Although there’s more new jazz coming out on vinyl these days, many fans are playing decades-old platters acquired from all sorts of sources. With proper care, these records can usually deliver an extraordinary listening experience. Without proper care, they’ll give you muddy sound marred by incessant pops and clicks. The good news is that proper record storage is easy, and deep record cleaning can cost less than a couple drinks and cover charges at a Manhattan jazz club.
The first step to proper record care is making sure your records are clean-and that goes triple for records bought at swap meets or garage sales. Effective record cleaning involves application of a fluid cleaner to loosen the grime, gentle scrubbing with a brush, and drying the record thoroughly. The tools to do this cost anywhere from $20 to $4,000.
The least expensive way to clean your records is by purchasing a kit that includes cleaning fluid and a record-cleaning brush, such as the $20 RCA Discwasher D4 package. First, put a few drops of the fluid on the front edge of the brush, and use the bottom of the fluid bottle to spread the fluid evenly across the edge. After putting the record on your turntable and placing the brush gently on the record with the front edge tilted toward the grooves, turn the record a couple of times manually, then dry it off by spinning the record against the rear edge of the pad.

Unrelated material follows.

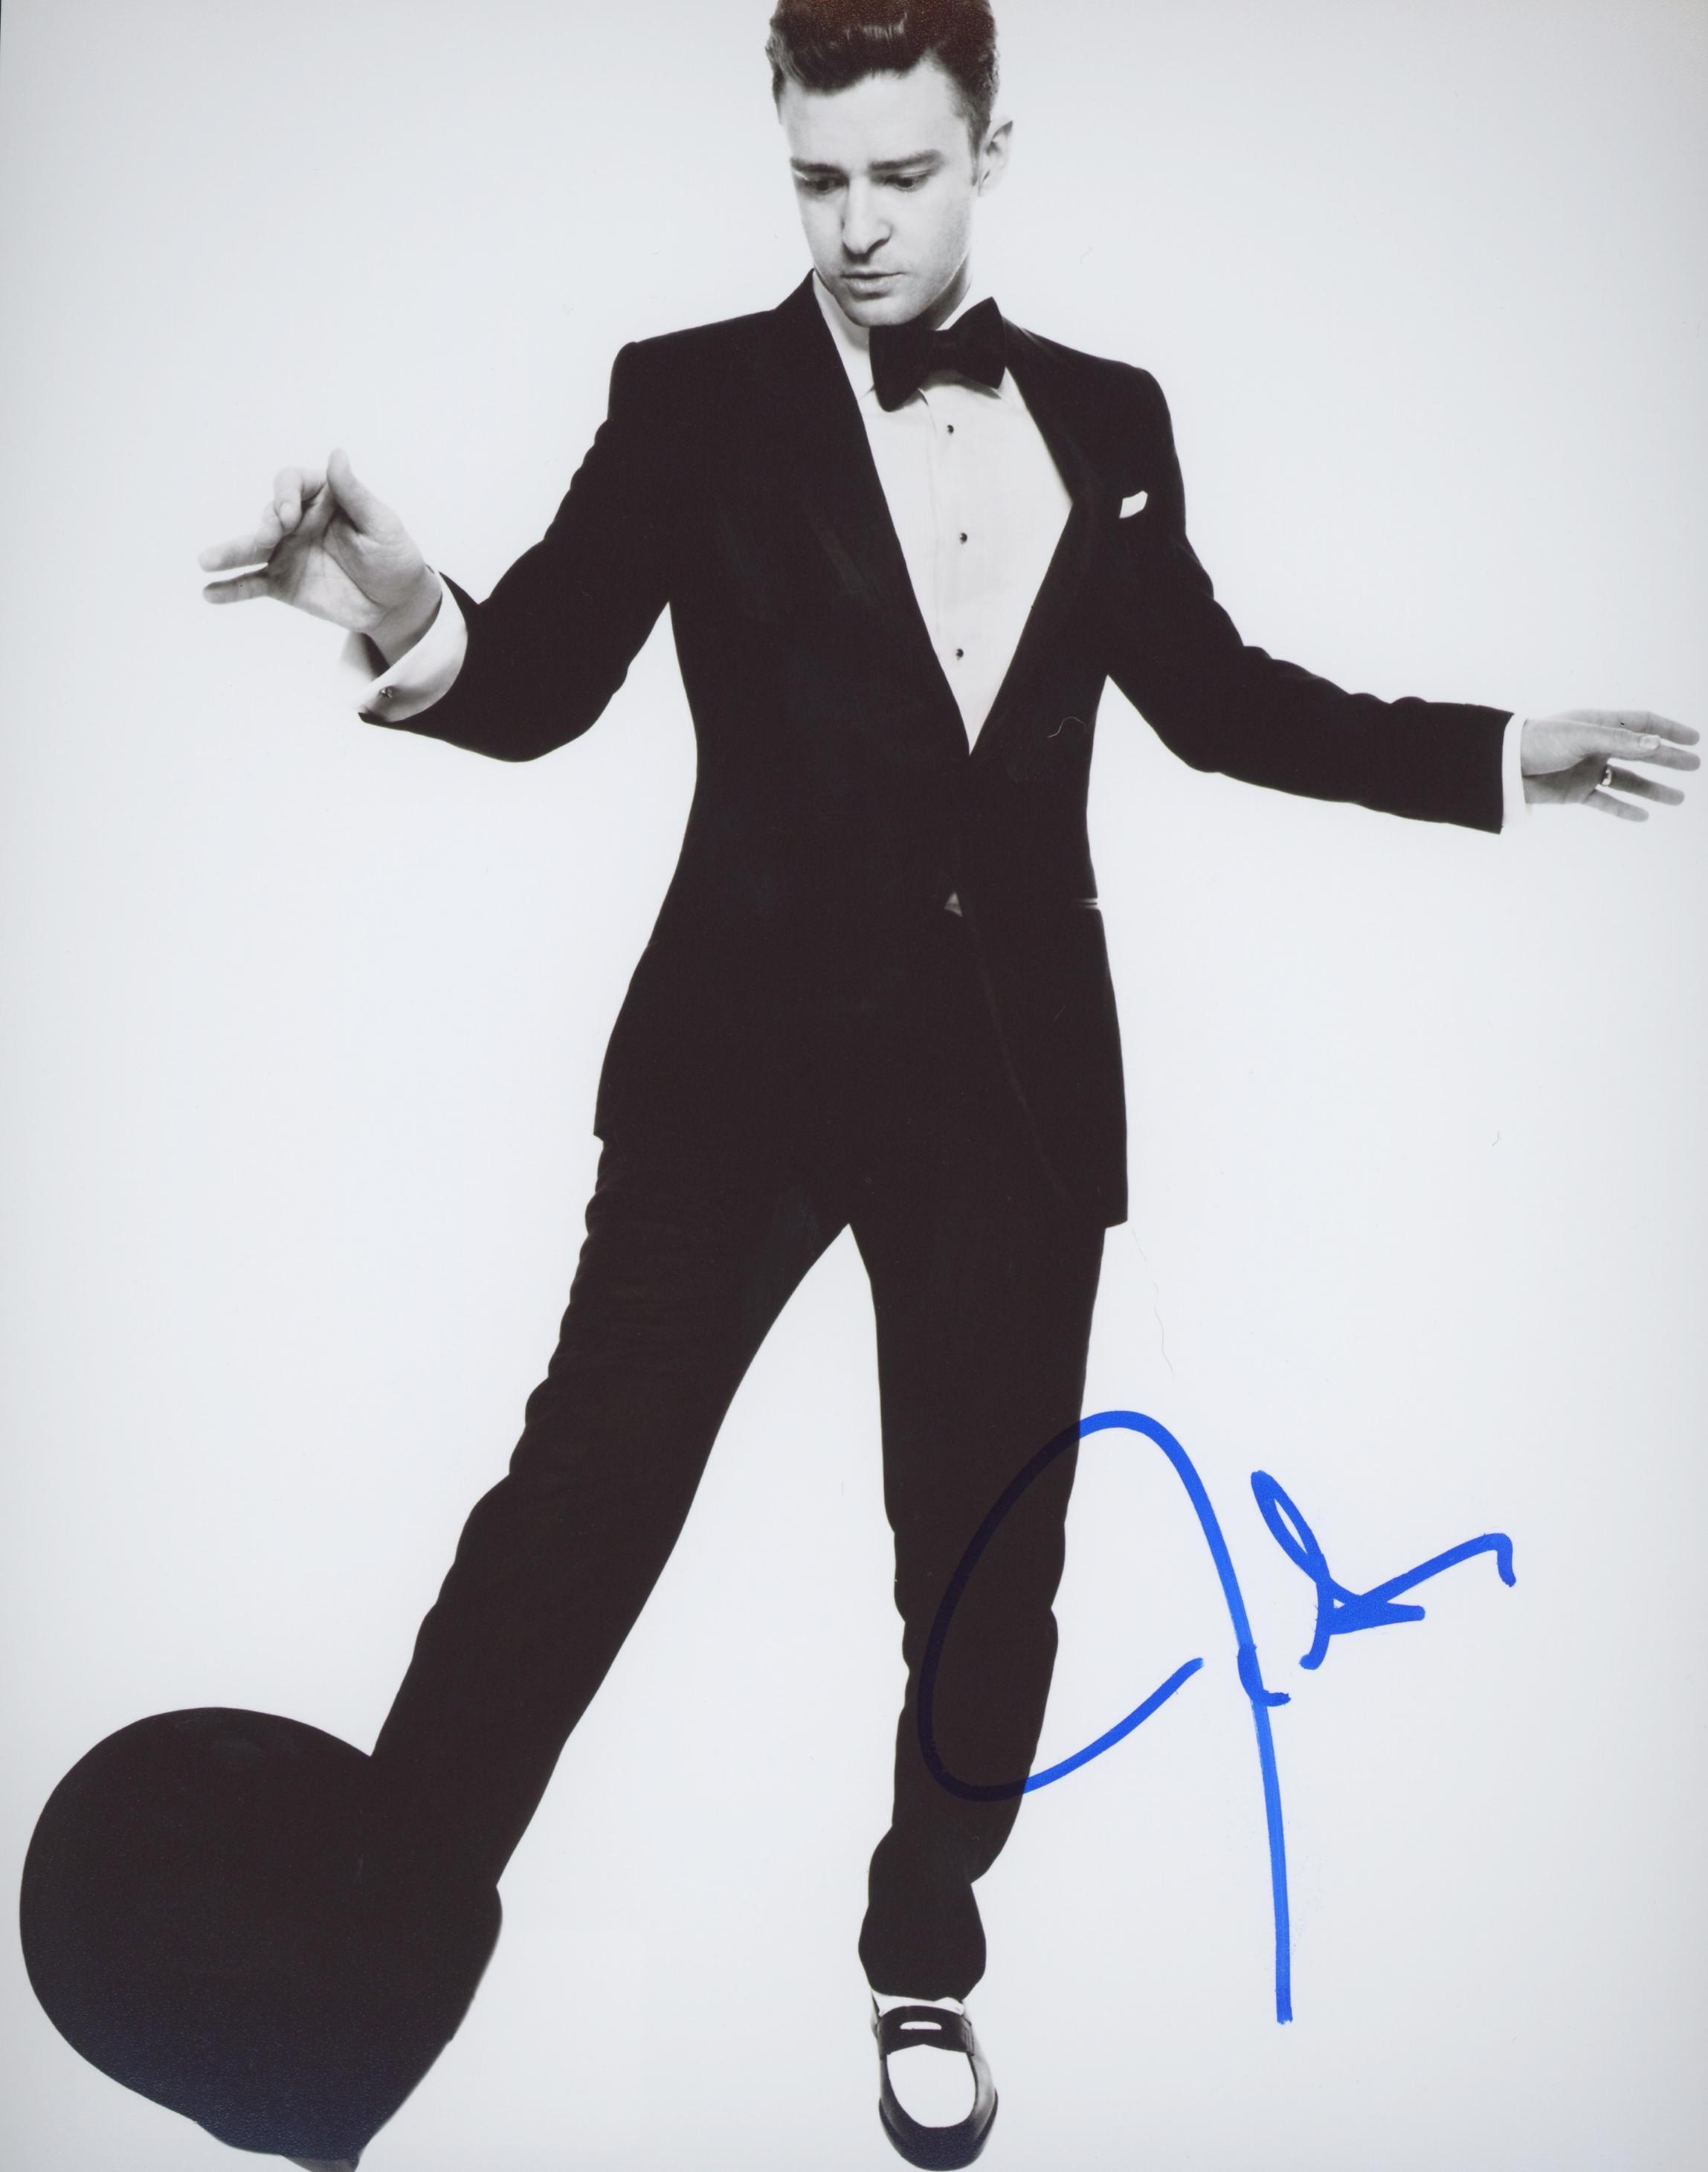 Justin Timberlake Signed Photo

It works fairly well, but I noticed a significant improvement when I switched to the Spin-Clean machine, which starts at $80.
The Spin-Clean is a long, thin plastic bathtub made just for your records. Fill the tub with warm water and a splash of cleaning fluid, then slide the record between the Spin-Clean brushes. Rollers hold the record in place so it aligns with the brushes and the label stays dry. Spin the record three times, dry it with the supplied super-soft cloth and you’re done. I immediately heard clearer sound and fewer pops and clicks in my records after I bought the Spin-Clean. Note that the cleaning fluid doesn’t work on 78-rpm Shellac records, but for those you can use a non-alcohol-based fluid or water.

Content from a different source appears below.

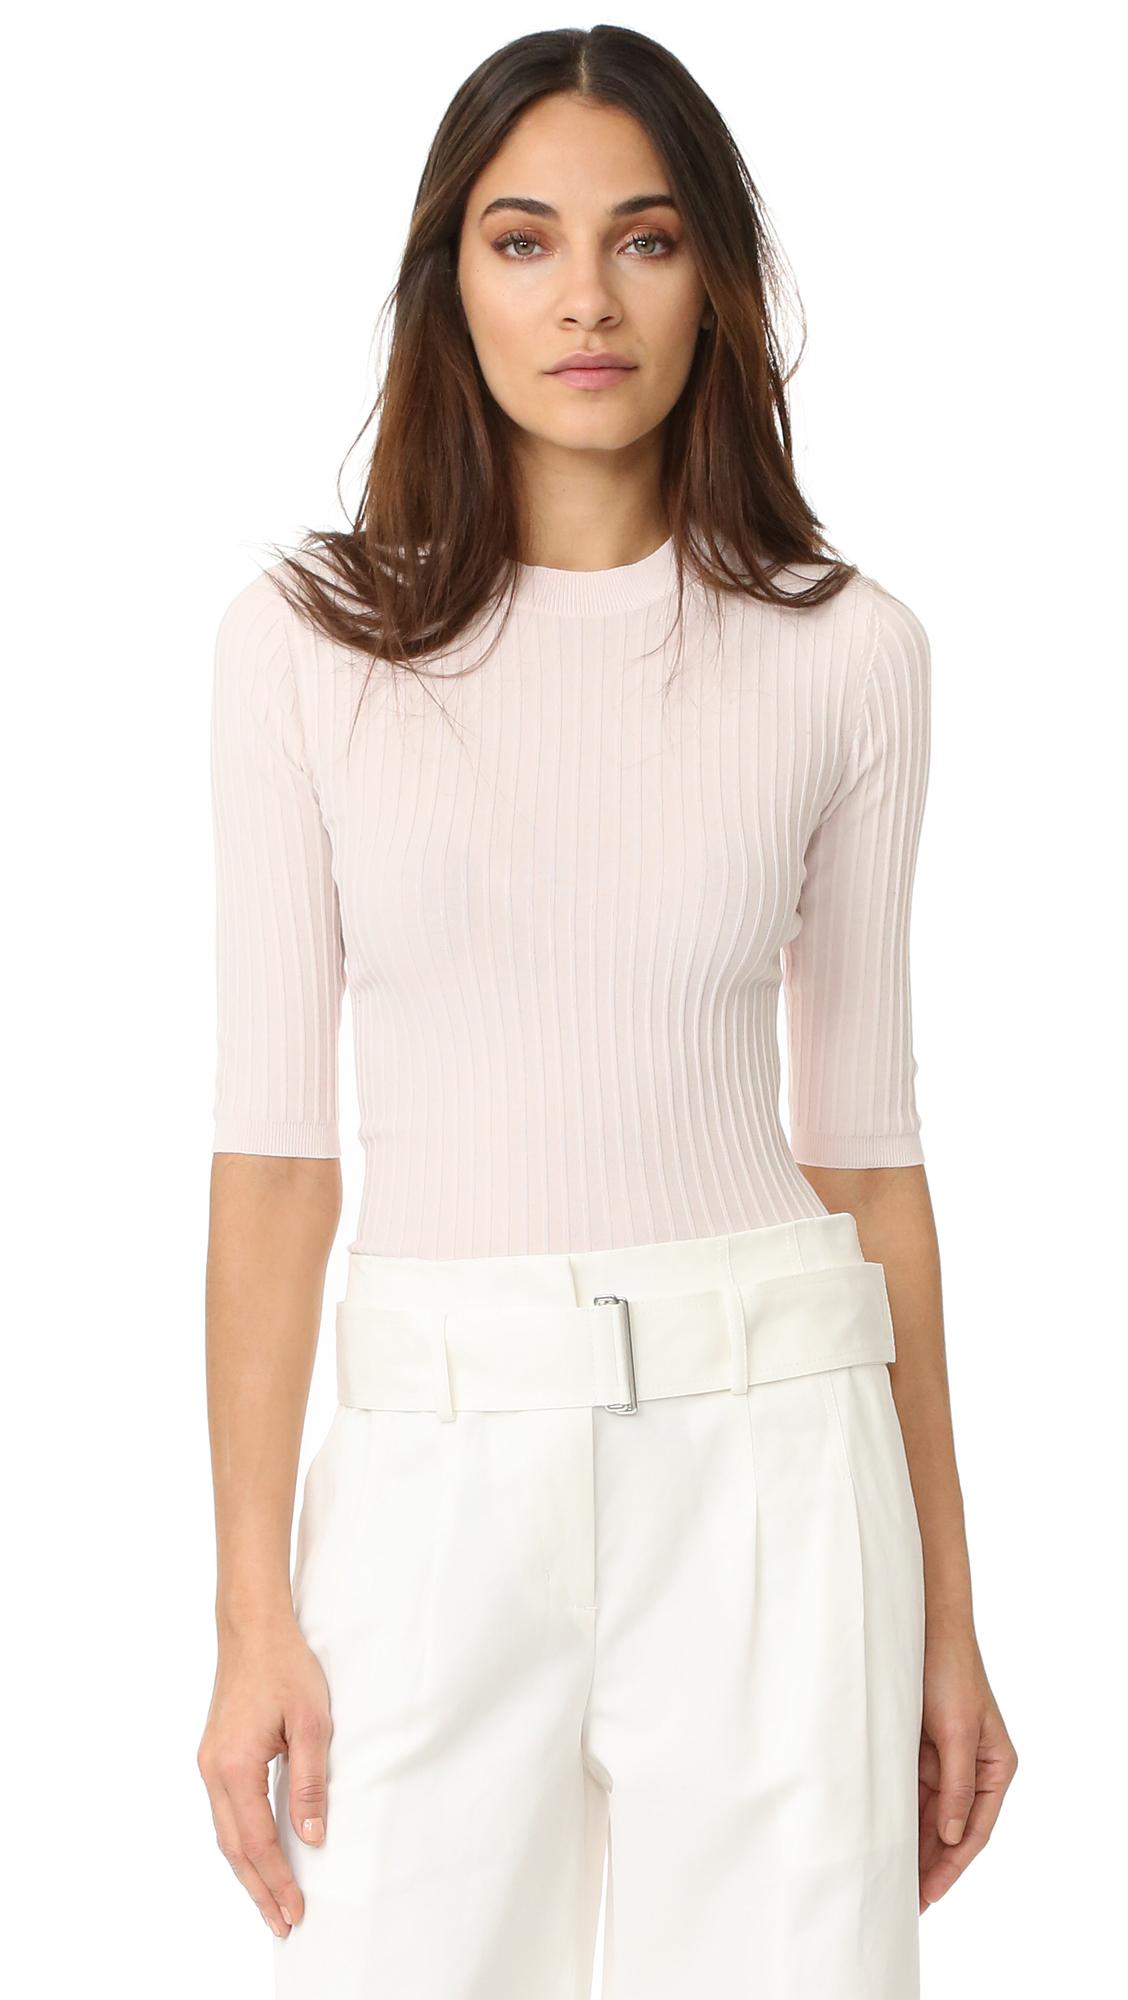 Acne Studios Iza Rib 3/4 Sleeve Sweater - Pale Pink at Shopbop

The downside of the Spin-Clean is that every time I use it, I end up with a couple dozen records leaned against my living room wall to dry; the supplied cloth never quite does the job. The solution is a vacuum-equipped record-cleaning machine, which thoroughly removes moisture from the record after cleaning. These run from $485 for the Nitty Gritty Model 1.0 to $4,000 for the Clearaudio Double Matrix Professional, the main difference being in the level of automation. For example, some spin the record for you (the Double Matrix) while others require you spin the record manually (the Model 1.0). For serious collectors with thousands of records, one of these machines can be a great investment because of the time and mess it’ll save.
I clean all used records after I buy them, but following that I rarely clean them again. However, most of my records get played no more than half a dozen times a year. If you have favorites you spin over and over, you’ll probably want to clean them more often.

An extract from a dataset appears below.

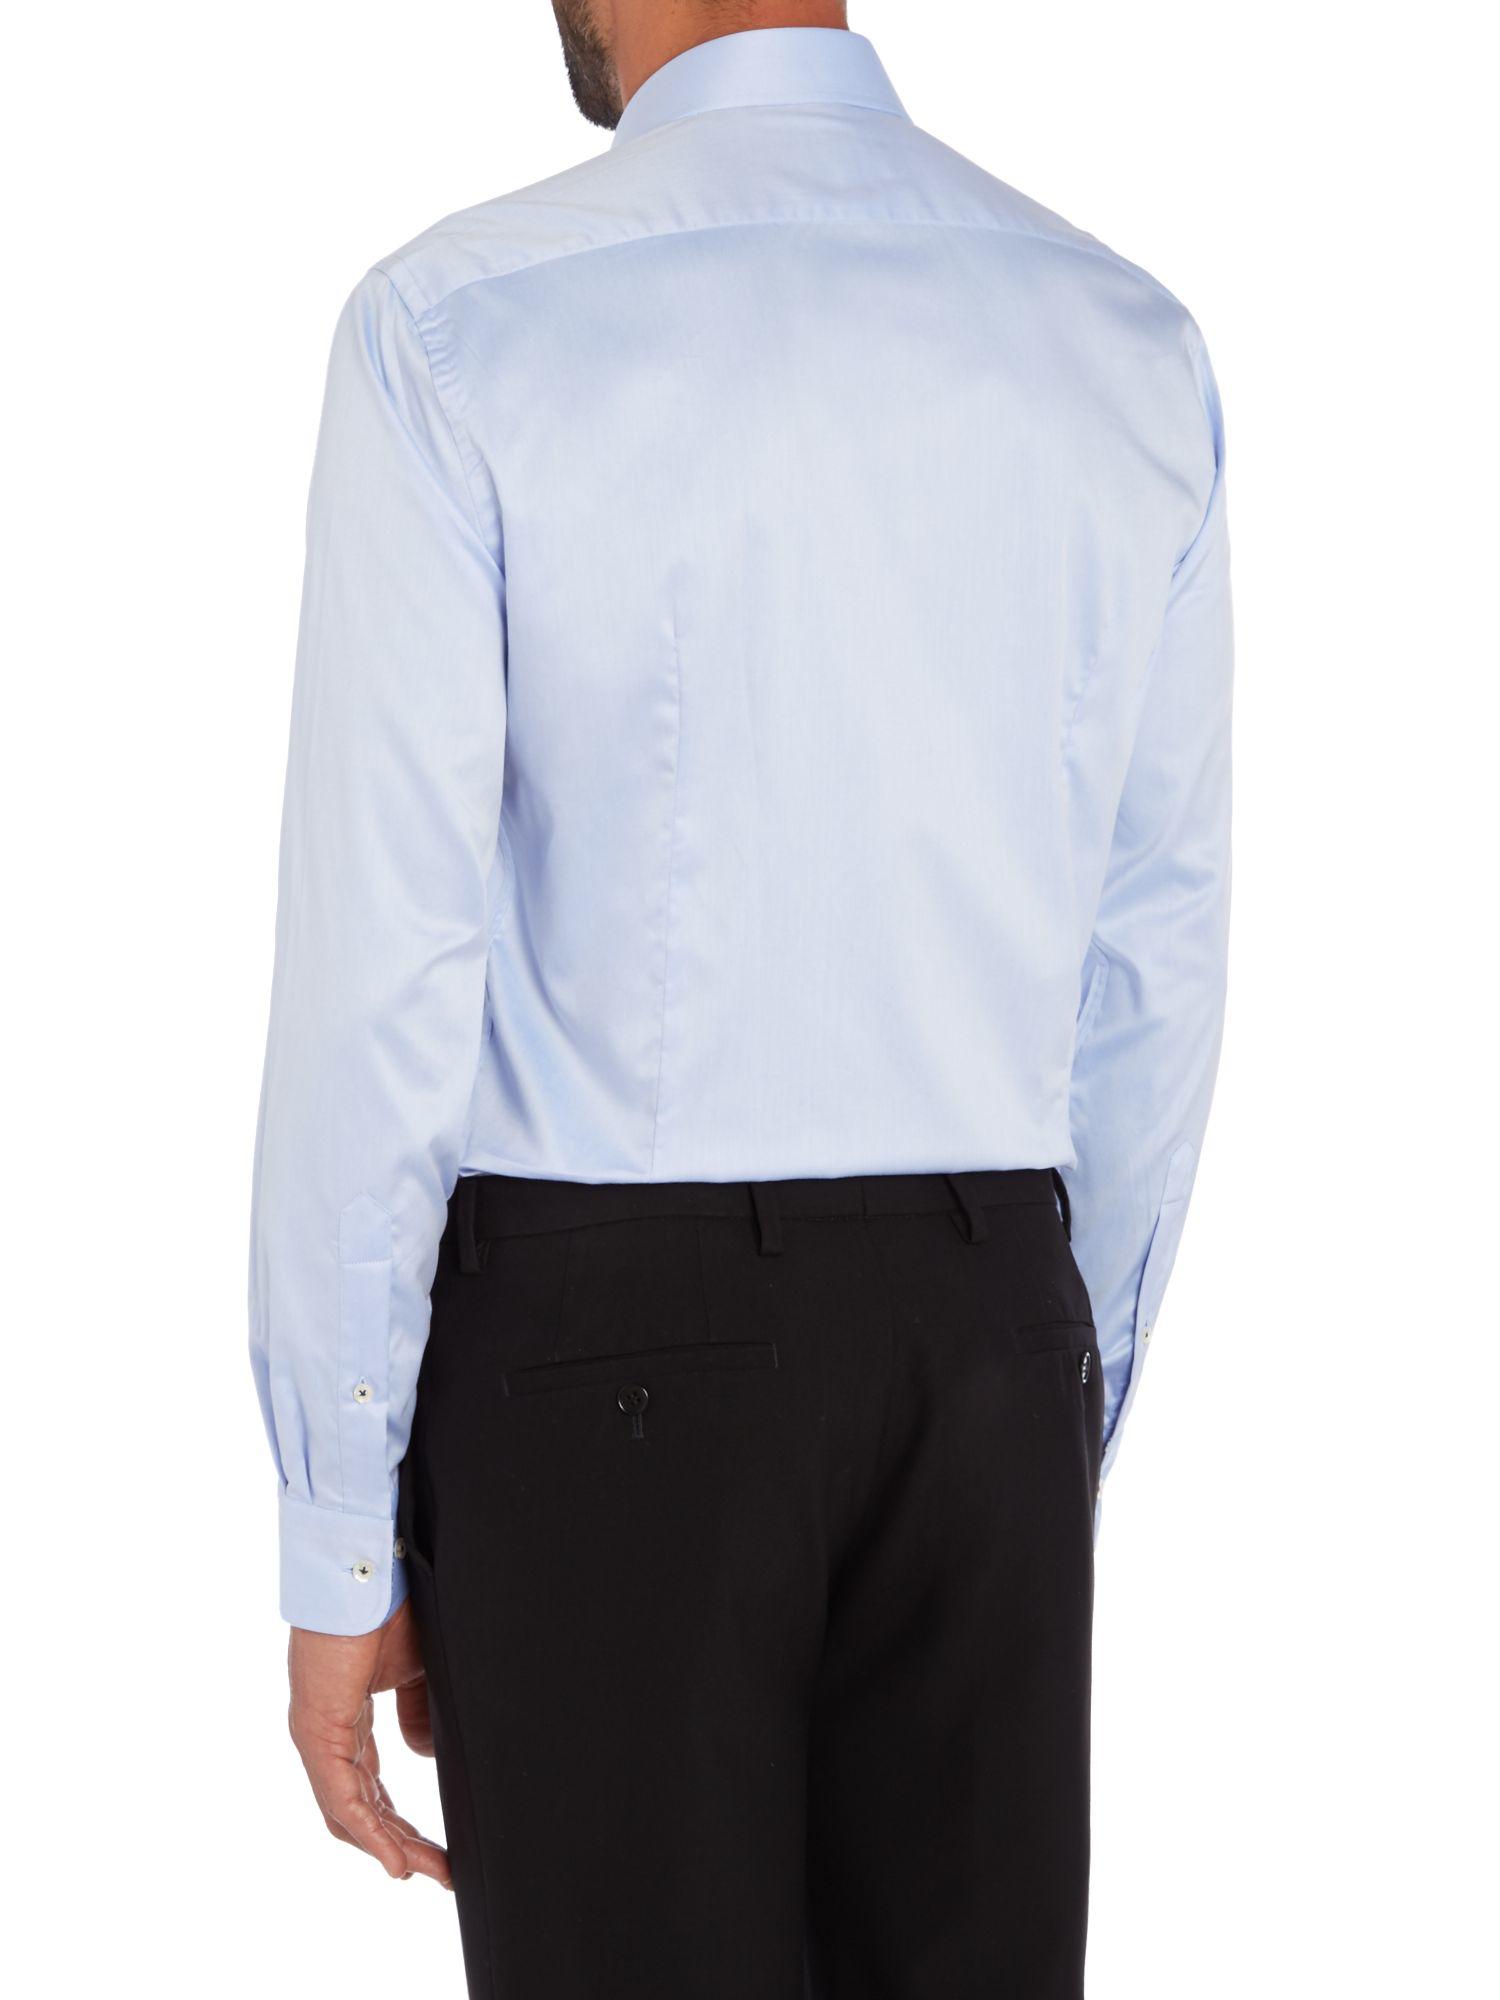 B umler tailored blue twill single cuff shirt in blue for for Single cuff dress shirt

You often need to sweep the dust off your records, though, and for that a dry record-cleaning brush does the trick. The one stipulation is that it should have carbon-fiber bristles, which are fine enough to get into the grooves and don’t build up a static charge. I use the $30 Hunt EDA Mark 6 brush, primarily because all the other vinyl fanatics I know use it.
Once your records are clean, you want to keep them that way-and keep them from warping, too. The number one tip for record storage, one that I see so many music fans violating, is to store your records standing straight up, not flat. This is the best way to keep them from warping, and it also makes it easier to find the record you want.
Some vinyl neophytes discard the inner paper sleeve that protects the record. This is a big mistake, because moving a bare record in and out of the cardboard outer sleeve can scratch it. Of course, a lot of people lose the sleeves, and a lot of used records don’t have them. That’s why one of the first purchases any jazz vinyl fan should make is a pack of replacement sleeves. There are several varieties available; I prefer nice, stiff paper sleeves with plastic linings, which typically cost about $20 for a pack of 50.
It goes without saying that you should store your records away from direct sunlight and any source of heat, such as a radiator or vent. Otherwise, if you keep ’em clean, keep ’em straight and keep ’em sleeved, your records should still be sounding great long after you’ve followed Bird and Miles into the great beyond.